Она не могла знать, что Тимке только и мечталось, чтоб мать рассказала хуторянам, кем он теперь стал, чтоб соседи пересказали все Лидке Абалченко. Лидка узнает и тогда-то уж начнет ломать руки, пожалеет о нем, сволочь!.. Почему сволочь — он не смог бы ответить, но он жестоко мстил, каждую секунду показывал, него достиг здесь без Лидки!
Щепеткова шла за сыном и, хотя осмотр только начался, ничего уже не вбирала, глядела в землю. Земли, собственно, не было. Были, как от бомбежки, ямы, раскиданные доски, бревна. Главное, доски и бревна. Бесхозные, измочаленные. В колхозе каждая палочка — золото. И вот эта, из березы, ободранная, занехаянная, пошла бы в телятнике на подпору или хоть огорожу; и эти две, что смерзлись друг с другом, сгодились бы. А тут будто не у людей. Тут — вот он! — переваливает через ямы экскаватор, под него суют белые доски, — новые, аж звонкие! — и он давит, вминает их, как солому…
— Теперь, — объявил Тимка, — подходим к главному! — И снова, видать, специально приберегая ходкую здесь шутку, сбалагурил: — Центр вращения Земли. Здесь с воды огонь будем добывать.

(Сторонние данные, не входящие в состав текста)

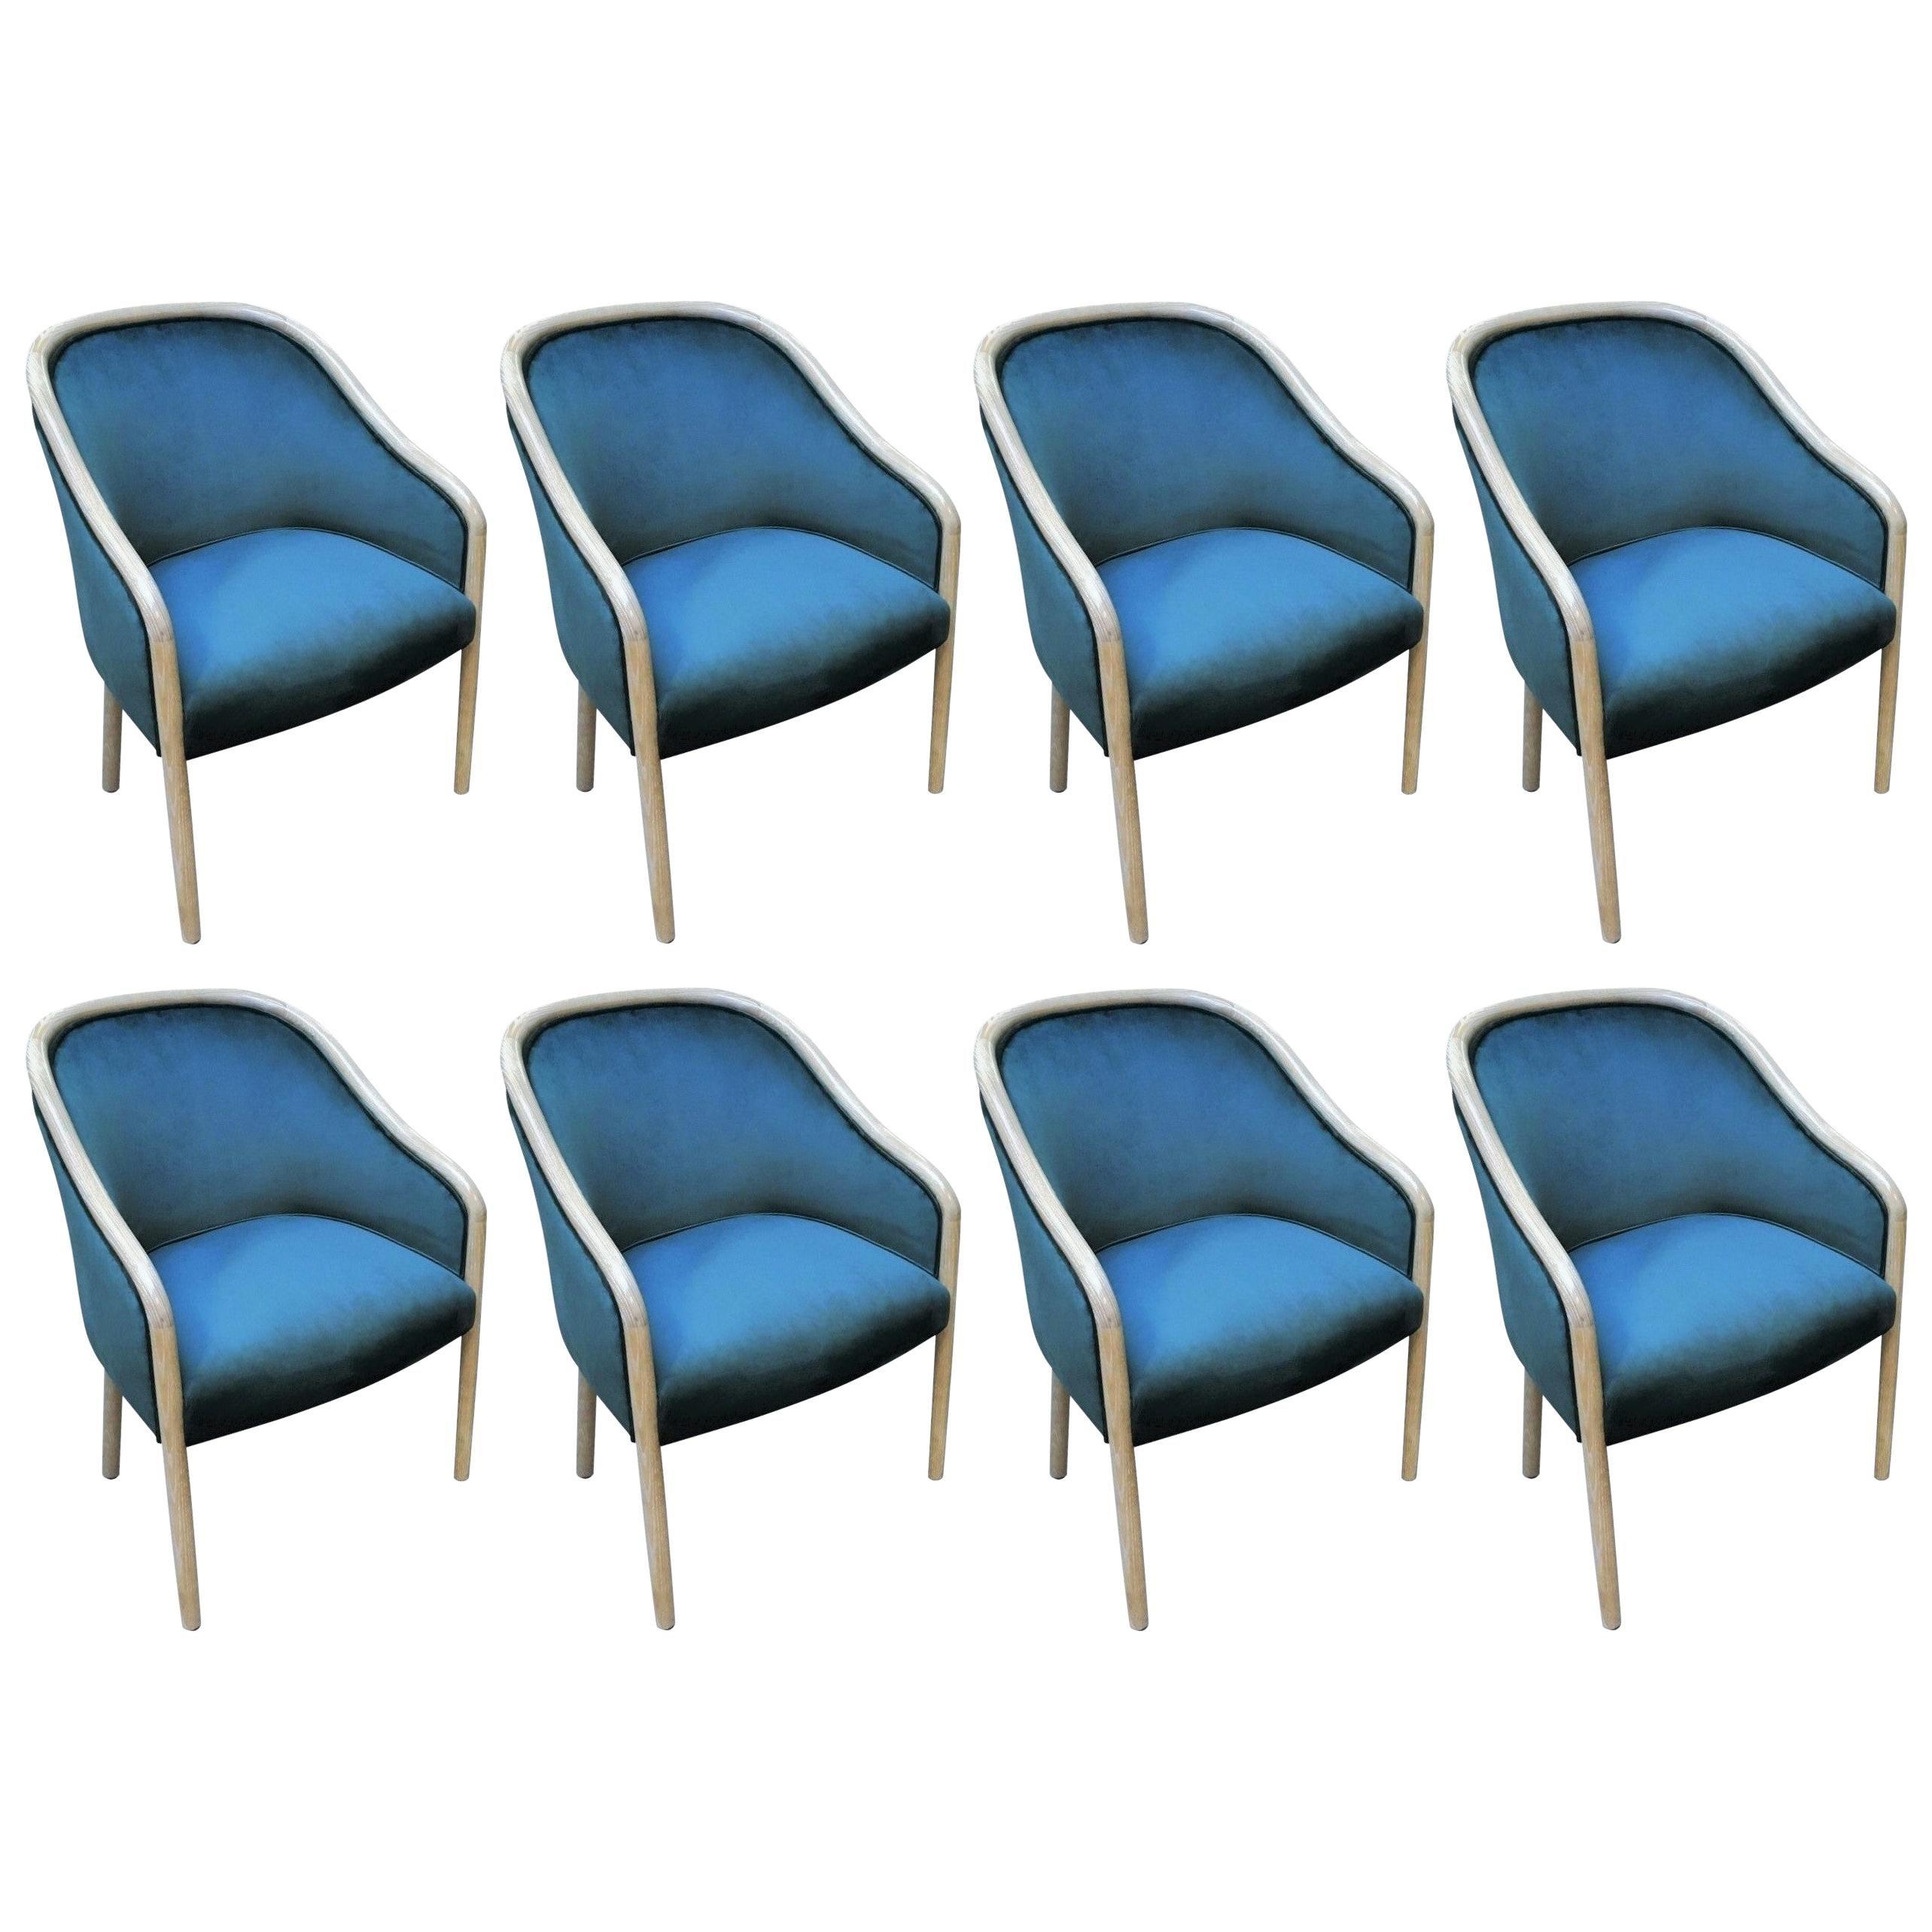 Set of Eight Ward Bennett for Brickell Associates Armchairs in Blue

Настасья подняла голову. Метрах в трехстах — в полукилометре упиралась в небо обсыпанная людьми плотина. Люди копошились на тоненьких балках, выпирающих вверх, на отвесных стенах, подвешенные в люльках; горстями виднелись на откосах бетонных быков. Не люди — крупа. Крупяная шелуха. Если бы увиденное было хоть чуть меньшим, чтоб Настасья смогла охватить его глазами и сознанием, — она б, наверно, вскрикнула. Небо над плотиной ворочалось. Оно шевелилось стрелами кранов, похожими на стальные железнодорожные мосты, сорванные с речных берегов и поднятые в воздух. Мосты разворачивались в небе, не сталкиваясь друг с другом, не обрушиваясь вниз. Они так легко несли подвешенные на тросах охапки рельсов, словно рельсы были ватными; и хотя оттуда, с высоты, тянул обычный зимний ветер, обычно поддувал под платок, — все равно все, как во сне, было ненастоящим. Тимка у самого лица кричал, что это краны его бригады, показывал на группки людей у кранов, объявлял:
— Московские метростроевцы.
— Верхолазы первой комсомольской.
— Бетонщики коммунистической.
Дескать, не спутайте, мама, с перепугу нас, особенных, с каким-нибудь отребьем. Он поволок мать на плотину, наверх, задержал у ближнего крана, назвал его своим «хозяйством». Кран рос в небо на четырех — каждая высотой в колокольню — ногах, меж которыми сновали по рельсам железнодорожные составы, и Тимка, сообщив, что забыл вверху «штангельциркуль», полез по ноге крана, по лестнице. Проходивший внизу небритый парняга, игравшийся стальным прутом арматуры, рявкнул:
— Ку-да?
— Да я, — пытаясь отвечать небрежным «рабочим» басом, зазвенел Тимка, — отсюдова!..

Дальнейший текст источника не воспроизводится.